10+ Years Of Relevant Experience
We are seeking an experienced Site Reliability Engineer (SRE) to ensure the stability, scalability, and reliability of our production systems. The ideal candidate will focus on automation, incident management, performance optimization, and proactive monitoring, while collaborating closely with development and operations teams to build resilient infrastructure.
Key Responsibilities:
- System Reliability: Collaborate with production support teams to build scalable, maintainable systems and continuously improve infrastructure and application architecture.
- Toil Reduction & Automation: Develop and maintain tools, scripts, and automation for deployments, monitoring, incident response, and repetitive operational tasks to minimize manual effort and human error.
- Incident Management: Participate in on-call rotations, respond to incidents and outages, investigate issues, and drive problem management through root cause analysis and preventive measures.
- Monitoring & Alerting: Implement and maintain proactive monitoring systems and alerts to detect and address issues before they impact users.

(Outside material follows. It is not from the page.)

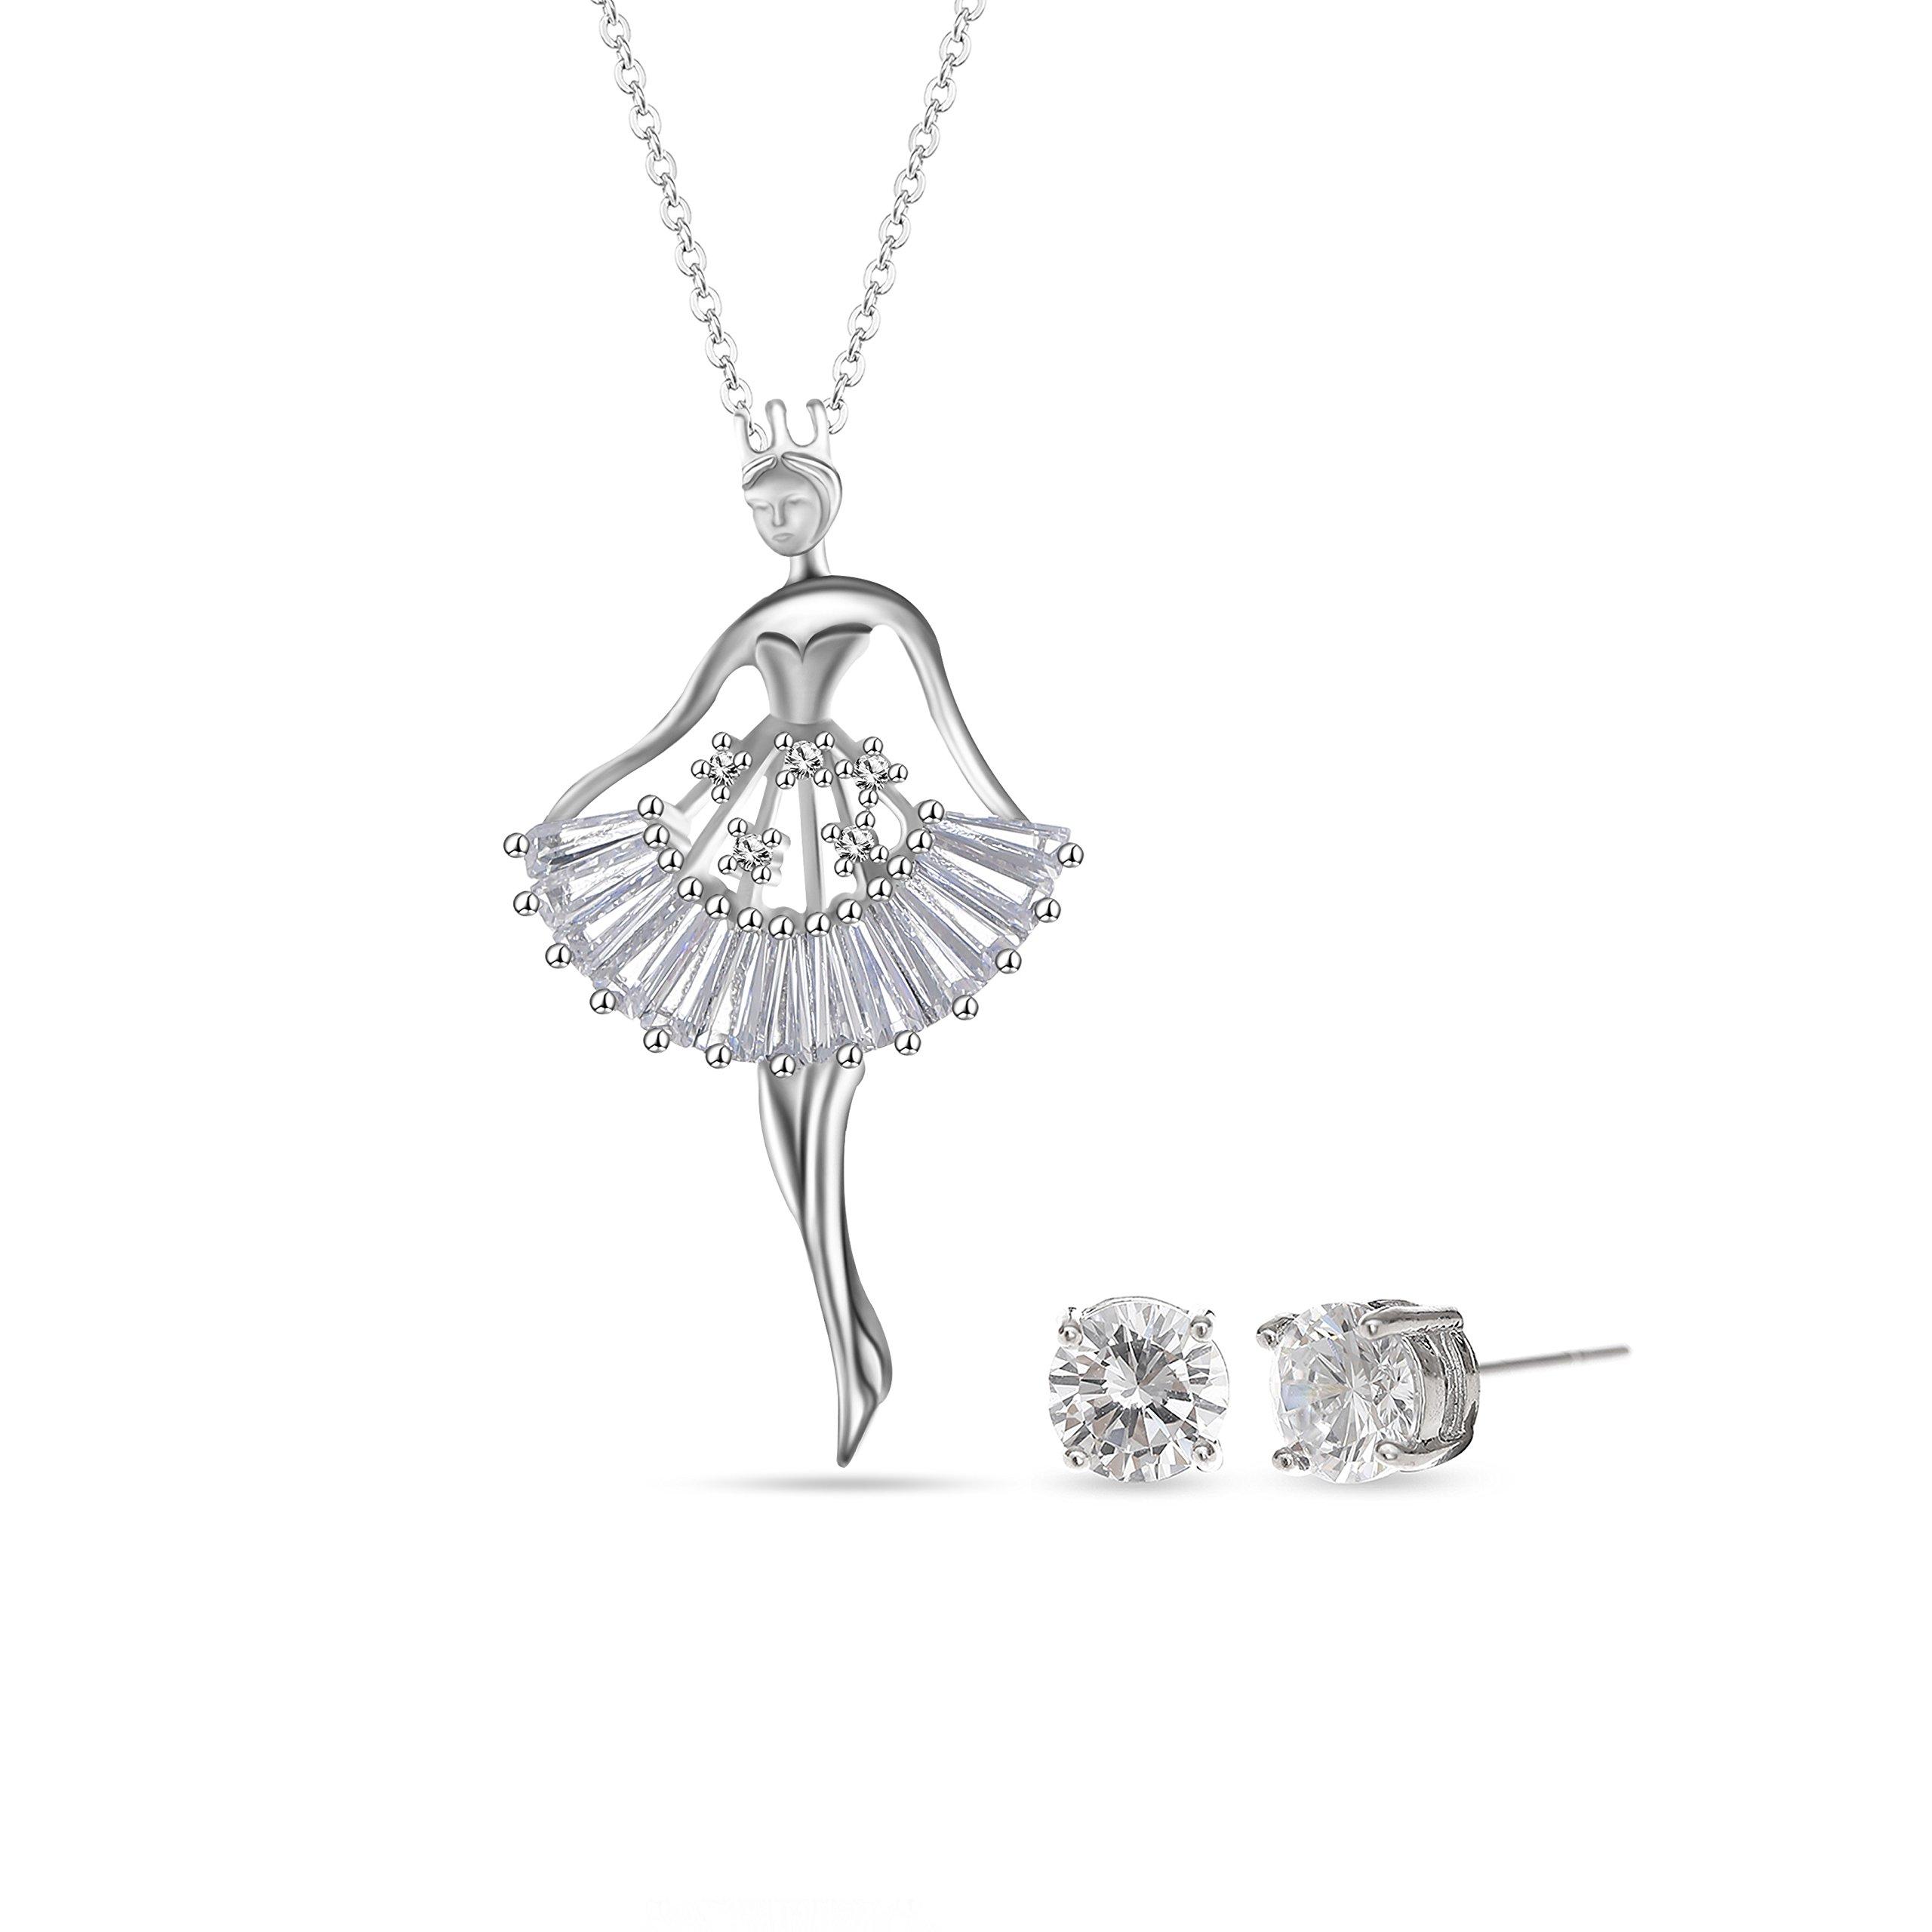 MYKEA Elegant Jewelry Set for Women 18K White Gold Ballerina Girl Pendant Necklace with Cubic Zirconia Stud Earrings for Teen Girls Jewelry by MYKEA (Image #7)

- Capacity Planning & Performance Optimization: Monitor performance metrics, identify bottlenecks, collaborate with engineering teams on optimization, and plan for future scalability.
- Error Budgeting & Chaos Engineering: Conduct resiliency tests, mock drills, and stability assessments to improve system fault tolerance.
- Documentation: Create and maintain detailed documentation for system configurations, operational processes, and troubleshooting guidelines.
Required Skills & Experience:
- Strong understanding of cloud platforms (AWS, Google Cloud, or Azure).
- Experience with containerization technologies (Docker, Kubernetes).
- Proficiency with infrastructure-as-code tools (Terraform, Ansible).
- Solid grasp of incident management processes and production operations.
Desirable Skills:
- Software development experience in Python or Java.
- Familiarity with monitoring and logging tools (Splunk Cloud, Thousand Eyes).
- Strong networking fundamentals.
- Ability to work in fast-paced, cross-functional environments with strong problem-solving skills.